Case in point is a tweet from newly-elected Democratic Congress woman Ilhan Omar. Commenting on what she perceived as passivity on Pence's part during a heated discussion between President Trump and incoming Speaker of the House Nancy Pelosi (D-CA) and Senate Minority Leader Chuck Schumer (D-NY) on the border wall, Omar posted the following picture of Pence and tweeted, "Jesus take the wheel! #BorderWall"
The tweet was "liked" by her fellow newly-elected Congresswoman Rashida Tlaib, who, along with Omar, made history this past November for being the first Muslim women elected to Congress.
This is not the first time her tweets have drawn controversy.
In 2012, the Minnesota Democrat tweeted that "Israel has hypnotized the world, may Allah awaken the people and help them see the evil doings of Israel. #Gaza #Palestine #Israel."
The Left has made political humor quite touchy these days, but as in any dysfunctional scenario, often times we see that they can dish it out but not necessarily take it.
Can one imagine if Pence, catching Omar in a similar pose and wanting to express his exasperation, had tweeted something that made fun of her Islamic faith?

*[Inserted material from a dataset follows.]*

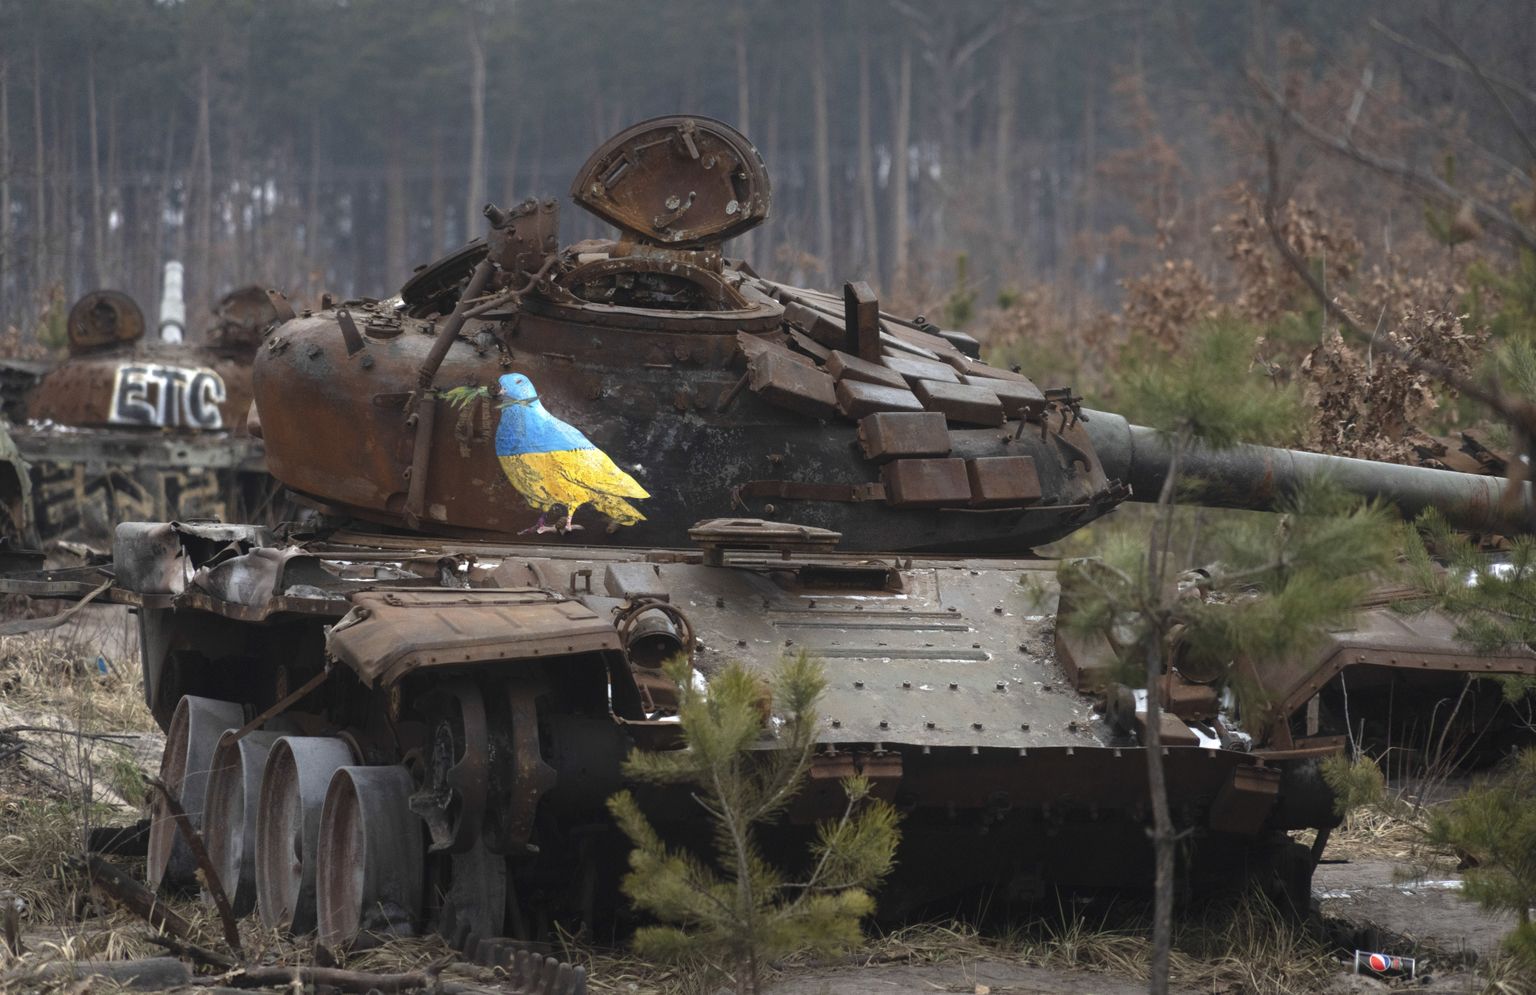 Ukraina armee hävitatud Vene tank Põhja-Ukrainas Dimitrõvka küla juures. Ukraina tuntud tänavakunstnik TvBoy joonistas tankile Ukraina lipu värvides rahutuvi. Foto on tehtud 30. jaanuaril 2023

Although one could argue that the expression is used to connote a situation that has gone so awry that the only option is for a higher power to take over, is it befitting to use such an expression that can easily be perceived as mocking religious Christians?
Again, our moral litmus test should be to think about a similar situation where a "savior" figure for Muslims or blacks was substituted.
Omar, originally from Somalia, and Rashida Tlaib (D-MI) both made their religion and national origins prominent in their political ascent. Omar began began her acceptance speech with a pointed "as-salam-alaikum (peace be upon you)." Tlaib unabashedly danced with a Palestinian flag after winning her hotly-contested primary.
Both have continued to make their ethnic and religious origins prominent in their political journeys. Omar made waves as the House of Representatives was poised to lift its 181-year old ban against wearing hats on the floor of the House to accommodate her hijab. Tlaib tweeted a sneak preview of the dress she will be wearing when she is sworn into Congress -- a traditional Palestinian thobe (hand-embroidered gown).
Such exceptions to the rules and/or displays are fashionable today in the "intersectional" circles of the Left, where claiming victimhood based on these statuses wins a politician honor.
Yet, while the tweet may have won Omar the appropriate badges in her Leftist echo chamber, such behavior is below the dignity of her office.